In The Thunderstorm, the problem of repentance is particularly acute. The main character of the tragedy, Katerina, is experiencing terrible pangs of conscience. She is torn between a legitimate husband and Boris, a righteous life and a moral decline. She cannot forbid herself to love Boris, but she executes herself in her soul, believing that by doing so she rejects God, since a husband for a wife is like God for a church. Therefore, by cheating on her husband, she betrays God, which means she loses all possibility of salvation. She considers this sin unforgivable and therefore denies the possibility of repentance for herself.

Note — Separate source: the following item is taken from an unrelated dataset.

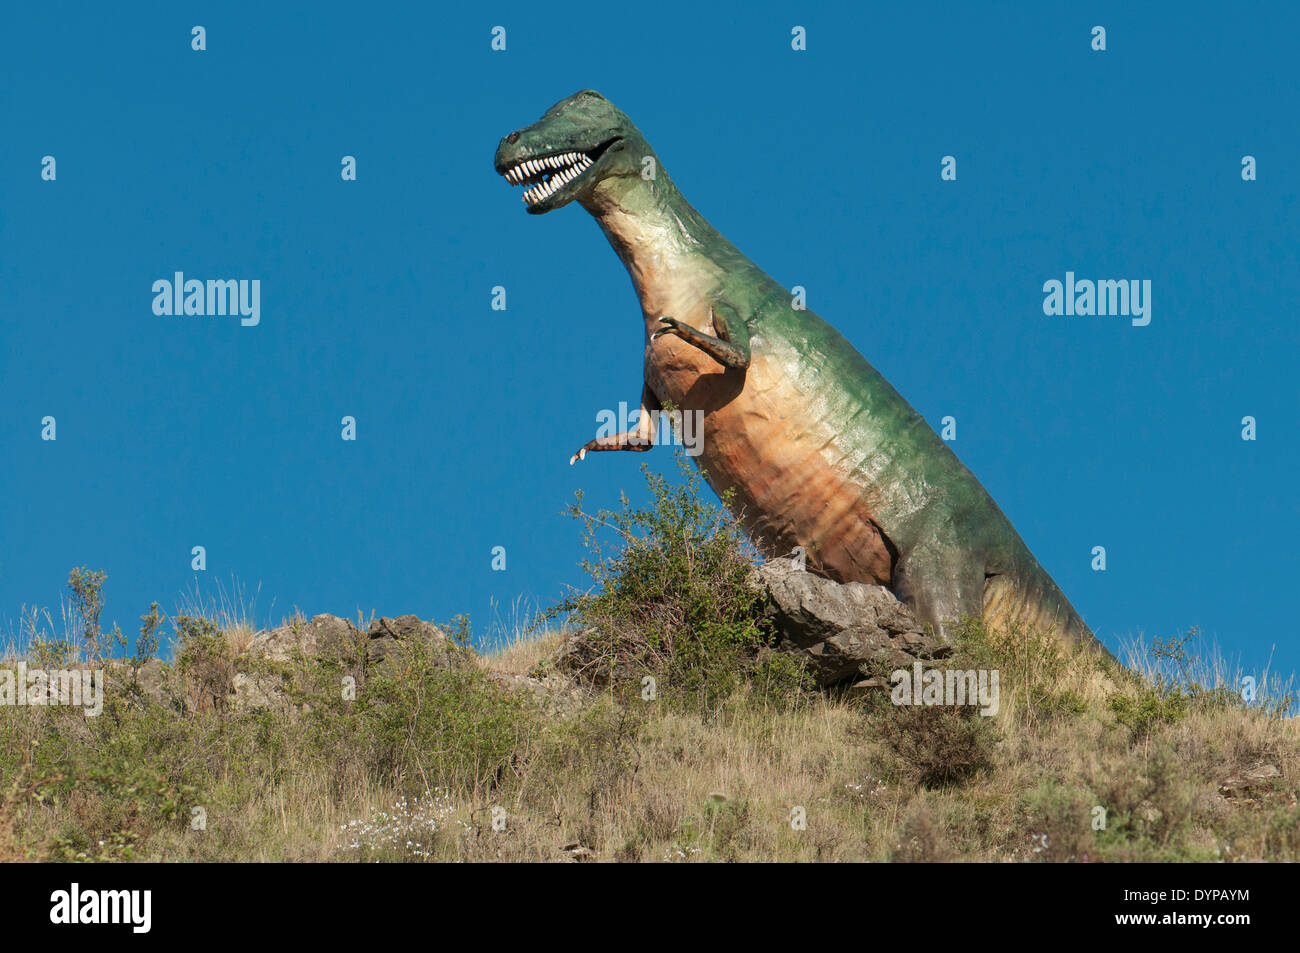 Modelli ricreazione in dimensioni reali di dinosauri in vetroresina e cemento nel sito paleontologico di Valdecevillo, la Rioja, Spagna. Foto Stock

Katerina is very pious, from childhood she used to pray to God and even saw angels, which is why her torment is so strong. These sufferings bring her to the point that, fearing the punishment of God (it is represented by a thunderstorm), she throws herself at the feet of her husband and confesses everything to him, giving her life into his hands. Everyone reacts differently to this recognition, revealing their attitude to the possibility of repentance. Kabanova offers to bury her alive, that is, she believes that there is no way to forgive her daughter-in-law. Tikhon, on the contrary, forgives Katerina, that is, he believes that she will receive forgiveness from God.
Katerina believes in repentance: she is afraid of sudden death, not because her life will be interrupted, but because she will appear unrepentant, sinful before God.

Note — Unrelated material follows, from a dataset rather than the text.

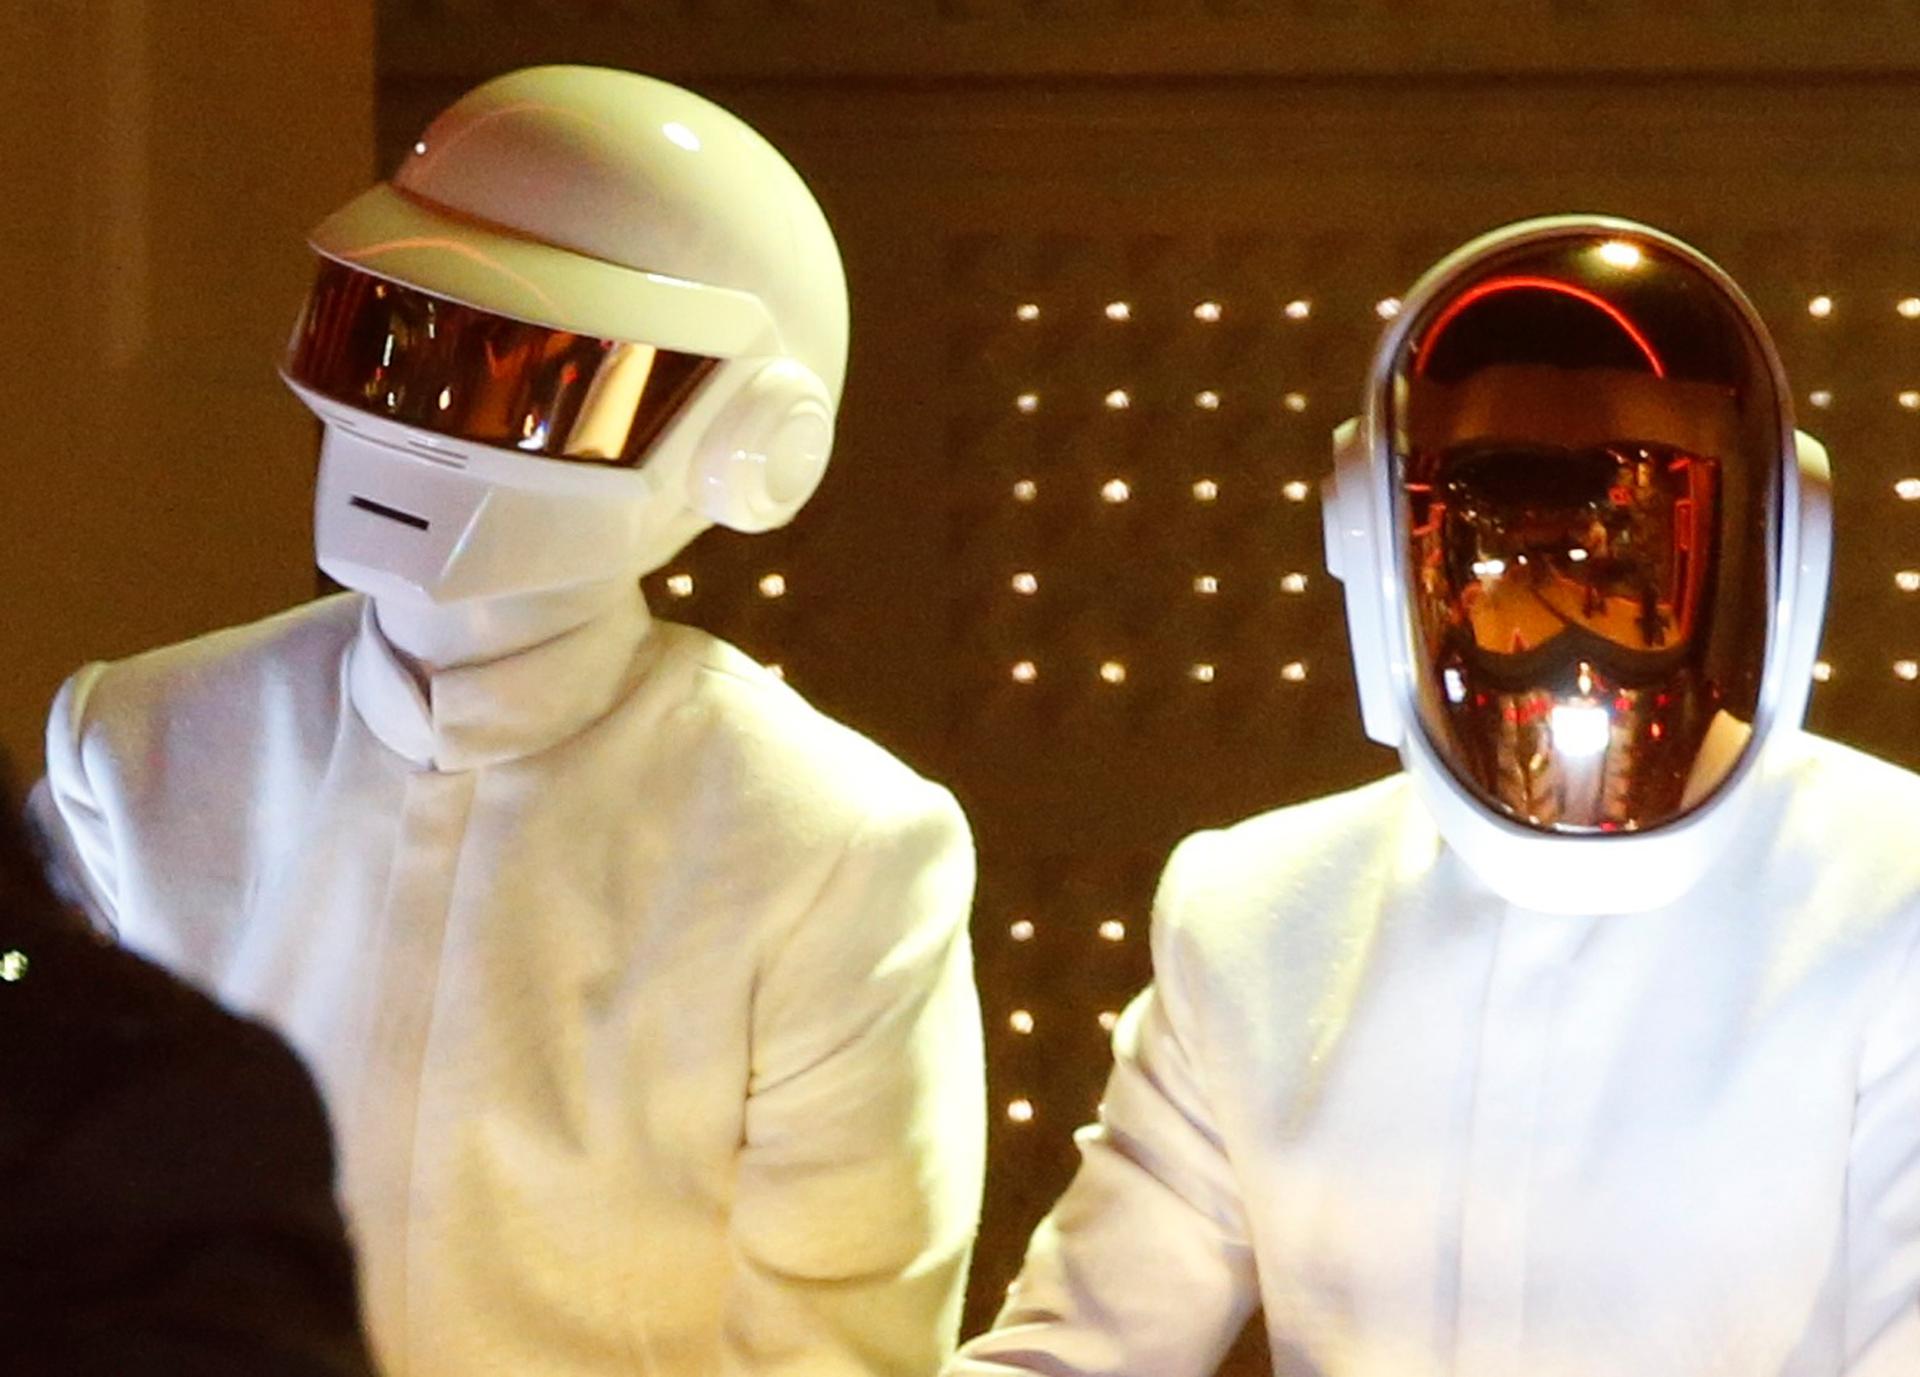 French electronic duo Daft Punk

The attitude of people to the possibility of repentance is manifested during a thunderstorm. The storm personifies the wrath of God, and therefore people, when they see a thunderstorm, look for ways of salvation and behave differently. For example, Kuligin wants to build lightning rods and save people from thunderstorms; he believes that people can be saved from the punishment of God if they repent, then the wrath of God will disappear through repentance, just like lightning goes into the ground through a lightning rod. Wild, on the other hand, is sure that one cannot hide from the wrath of God, that is, he does not believe in the possibility of repentance. Although it should be noted that he can repent, as he throws himself at the peasant's feet and asks for forgiveness from him for scolding him.
Pangs of conscience bring Katerina to the point that she begins to think about suicide, which the Christian religion considers one of the most serious sins. Man seems to reject God, so suicides have no hope of salvation. Here the question arises: how could such a pious person as Katerina commit suicide, knowing that by doing so she was ruining her soul? Maybe she didn't really believe in God at all? I must say that she considered her soul already ruined and simply did not want to live in torment further, without hope of salvation.

It faces the Hamlet question - to be or not to be? Endure suffering on earth or commit suicide and thereby end your suffering? Katerina is driven to despair by the attitude of people towards her and the pangs of her own conscience, so she rejects the possibility of salvation. But the denouement of the play is symbolic: it turns out that the heroine has a hope for salvation, since she does not sink in the water, but breaks on the anchor. The anchor is similar to the part of the cross, where the base stands for the Holy Grail (the cup with the blood of the Lord). The Holy Grail also symbolizes salvation. Thus, there is hope that she was forgiven and saved.